Espace 1100

Development
- Designer: Philippe Briand
- Location: France
- Year: 1985
- Builder: Jeanneau
- Role: Cruiser
- Name: Espace 1100

Boat
- Displacement: 14,080 lb (6,387 kg)
- Draft: 5.42 ft (1.65 m)

Hull
- Type: monohull
- Construction: fiberglass
- LOA: 37.67 ft (11.48 m)
- LWL: 30.17 ft (9.20 m)
- Beam: 11.92 ft (3.63 m)
- Engine: Perkins Engines 4-154 diesel engine

Hull appendages
- Keel: fin keel
- Ballast: 4,873 lb (2,210 kg)
- Rudder: skeg-mounted rudder

Rig
- Rig type: Bermuda rig
- I foretriangle height: 42.46 ft (12.94 m)
- J foretriangle base: 12.53 ft (3.82 m)
- P mainsail luff: 37.24 ft (11.35 m)
- E mainsail foot: 11.81 ft (3.60 m)

Sails
- Sailplan: masthead sloop
- Mainsail area: 219.90 sq ft (20.429 m^{2})
- Jib/genoa area: 266.01 sq ft (24.713 m^{2})
- Total sail area: 485.91 sq ft (45.143 m^{2})

= Espace 1100 =

Sailboat class

The Espace 1100 (English: Space) is a French sailboat that was designed by Philippe Briand as a cruiser and first built in 1985. The boat is one of the Espace series of cruising sailboats and its designation indicates its approximate length overall in centimeters.

==Production==
The design was built by Jeanneau in France, from 1985 until 1989.

==Design==
The Espace 1100 is a recreational keelboat, built predominantly of fiberglass, with wood trim. It has a masthead sloop rig, with aluminum spars with stainless steel wire rigging. The hull has a raked stem, a reverse transom with a swimming platform, a skeg-mounted rudder controlled by two wheels, one in the cockpit and one in the wheelhouse. It has a fixed fin keel or optional keel and centerboard. The fin keel version displaces 14080 lb and carries 4873 lb of ballast, while the centerboard-equipped version displaces 14168 lb.

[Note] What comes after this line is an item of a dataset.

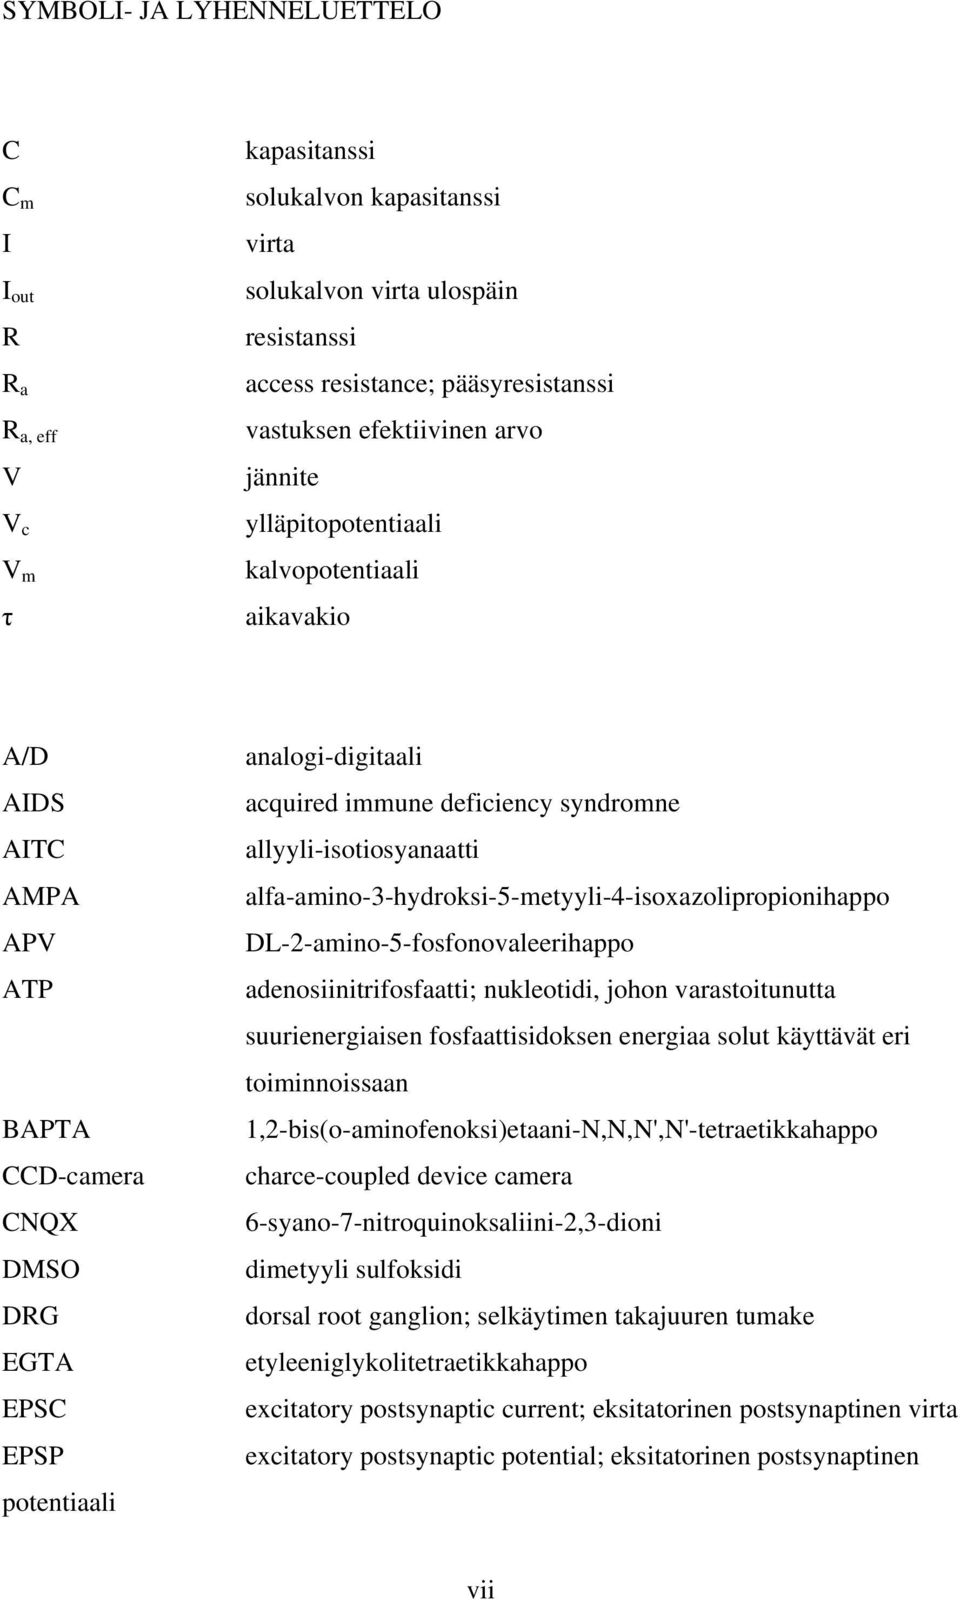 deficiency syndromne allyyli-isotiosyanaatti alfa-amino-3-hydroksi-5-metyyli-4-isoxazolipropionihappo DL-2-amino-5-fosfonovaleerihappo adenosiinitrifosfaatti; nukleotidi, johon varastoitunutta

The keel-equipped version of the boat has a draft of 5.42 ft, while the centerboard-equipped version has a draft of 7.33 ft with the centerboard extended and 4.0 ft with it retracted, allowing operation in shallow water.

The boat is fitted with a British Perkins Engines 4-154 diesel engine for docking and maneuvering. The fuel tank holds 52 u.s.gal and the fresh water tank has a capacity of 66 u.s.gal.

The design has sleeping accommodation for six people, with a double "V"-berth in the bow cabin, double settee port amidships and an aft cabin with a double berth on the starboard side. The galley is located on the starboard amidships. The galley is equipped with a two-burner stove, ice box and a double sink. A navigation station is opposite the galley, centered above, in the wheelhouse next to the salon. The head is located just aft of the bow cabin on the port side and includes a shower.

For sailing downwind the design may be equipped with a symmetrical spinnaker.

The design has a hull speed of 7.36 kn.